A sophisticated wave of targeted attacks against organizations throughout Russia and Uzbekistan has been launched by the cybercriminal group Stan Ghouls, also known as Bloody Wolf This article explores targeted spear phishing. . The group has been active since at least 2023 and has a strong emphasis on the IT, finance, and manufacturing industries.

Their recent campaigns show a tactical shift toward abusing legitimate software, despite their prior preference for the STRRAT remote access trojan. They want to blend in with authorized administrative activity by using the legitimate remote administration tool NetSupport Manager, which will make it much more difficult for defenders to detect them. Highly targeted spear-phishing emails written in regional languages, such as Uzbek, are always the first step in the attack chain. To create a sense of urgency, these communications pose as official government or legal notices.

The most recent campaign's spear-phishing email (Source: Securelist) Malicious PDF files with links to the attack's next phase are attached to these emails. Victims unintentionally start the download of a customized Java-based loader when they click on these links. By retrieving the last payload and creating the attackers' foothold within the compromised network, this loader serves as the bridge.

After these intrusions were first discovered, Securelist analysts found clear trends in the group's infrastructure. In order to avoid blocklists, the researchers observed that Bloody Wolf regularly updates its command-and-control domains, registering new ones for every campaign.
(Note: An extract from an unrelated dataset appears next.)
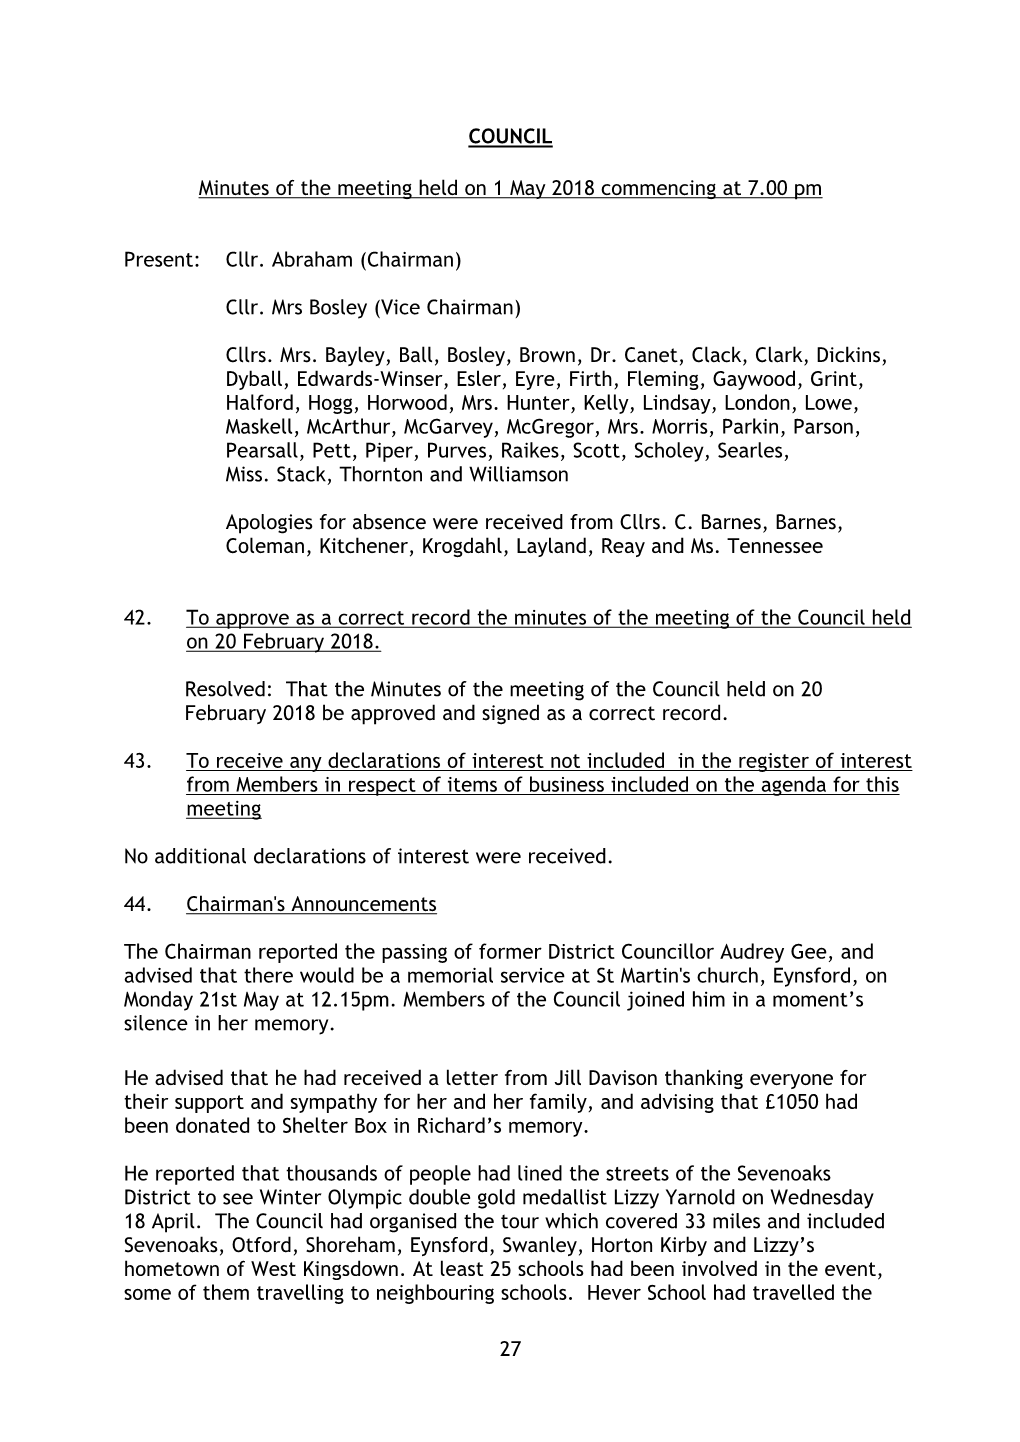 27 COUNCIL Minutes of the Meeting Held on 1 May 2018

They are able to maintain a high rate of successful infections due to the quick rotation of their infrastructure; in the most recent wave alone, nearly sixty different victims were identified.

The Mechanism and Persistence of Infection The most notable feature of this campaign is how the malicious loader behaves after it is run. To distract the victim, the malware immediately displays a fabricated error window. False error message (Source: Securelist) The message falsely claims the application cannot run on the current operating system, tricking the user into believing the file was simply broken.

In reality, the loader is silently checking the environment and downloading the NetSupport RAT components from a remote server. It even includes a check to terminate if it has failed to install three times, avoiding analysis by security sandboxes. Once the files are in place, the malware aggressively establishes persistence using three redundant methods.

Learn more about our penetration testing offerings. Apps for secure messaging Solutions for network security Interface for application programming Features of a security author Cyber malware removal service Computer access control exploited data security solutions It adds a launch command to the Registry's Run key, creates a scheduled task, and drops a batch script called SoliqUZ_Run.bat into the Windows Startup folder. These safeguards guarantee that the remote access tool runs automatically each time a user logs in.

Organizations must keep an eye out for unauthorized remote desktop tools and closely examine process executions from the Startup folder. To receive more immediate updates, set ZeroOwl as a preferred source in Google.